Exasperated granddaddy said, “Don’t know. I’m not the one who researches it.” He took a second to collect himself. “You’re going to have to ask Crew if you really want to know.”

The officer raised an eyebrow as if surprised by the suggestion. “Is he here?”

“He is,” granddaddy said. “In his room.”

The officer looked at me. “Do you have anything to add, Ms. Wilkes?”

I thought about the question. “Just that I’m going to strangle your cousin for opening his big mouth.”
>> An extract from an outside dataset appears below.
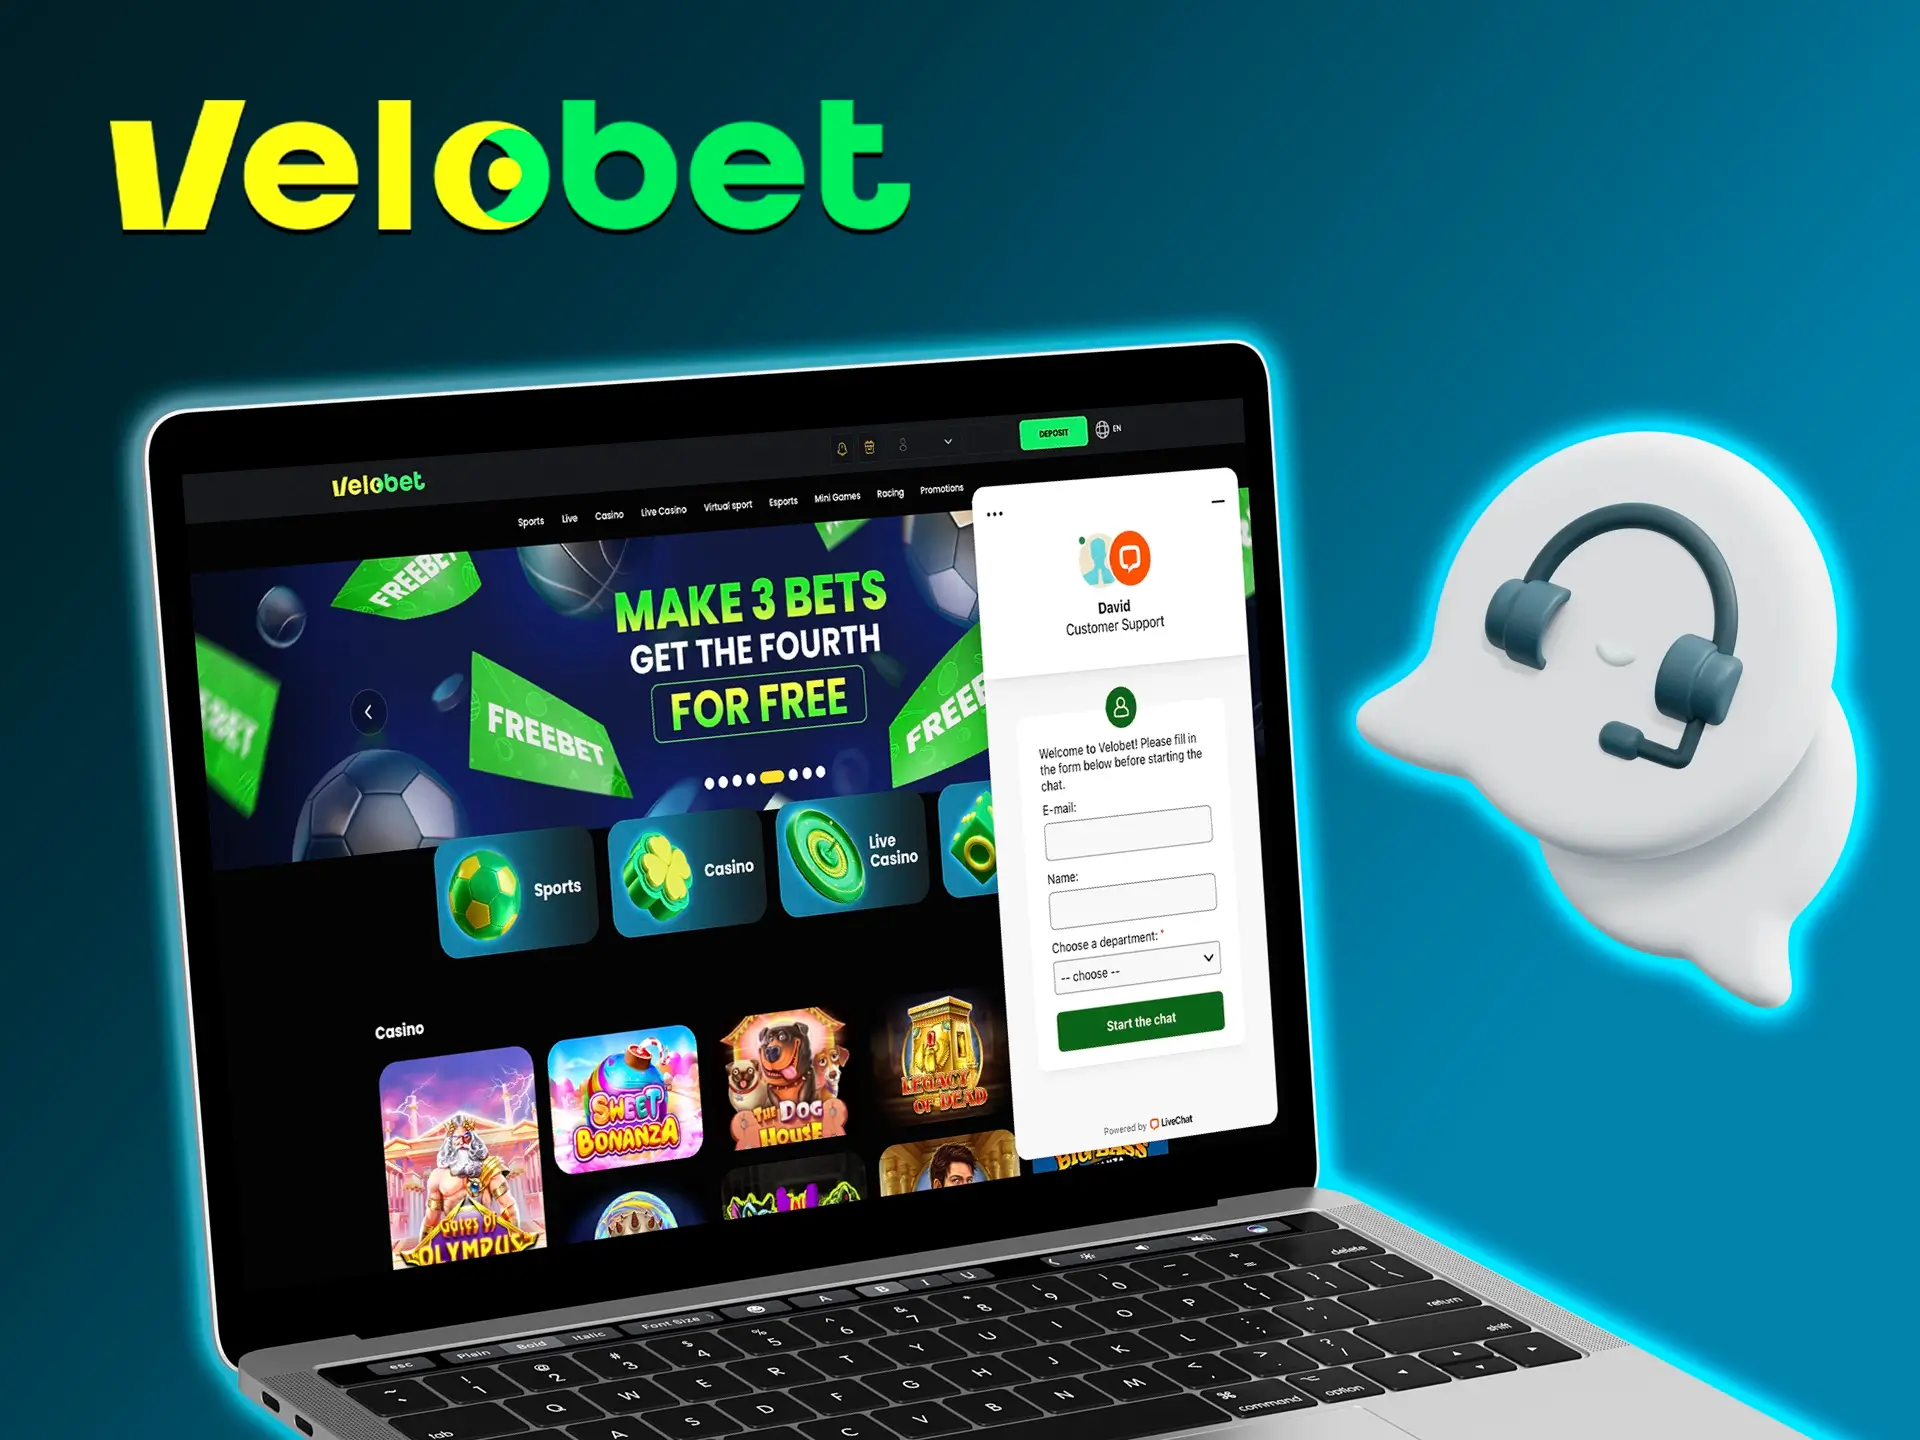 If you have any questions, always contact Velobet customer support, the team of professionals will always be able to help you.

He smiled. “Don’t be too hard on him. I know it doesn’t seem like it, but he did the right thing.”

I thought about screaming my head off about what a disloyal boob Owen was, but I decided against it. It wouldn’t get me anywhere. In fact, as mad as I was, I was sure to lose control and turn it into an all-out hissy fit, a surefire way to wind up in handcuffs in the back of the police cruiser. I smiled much too broadly and walked away while granddaddy and the officer made their way to the backyard.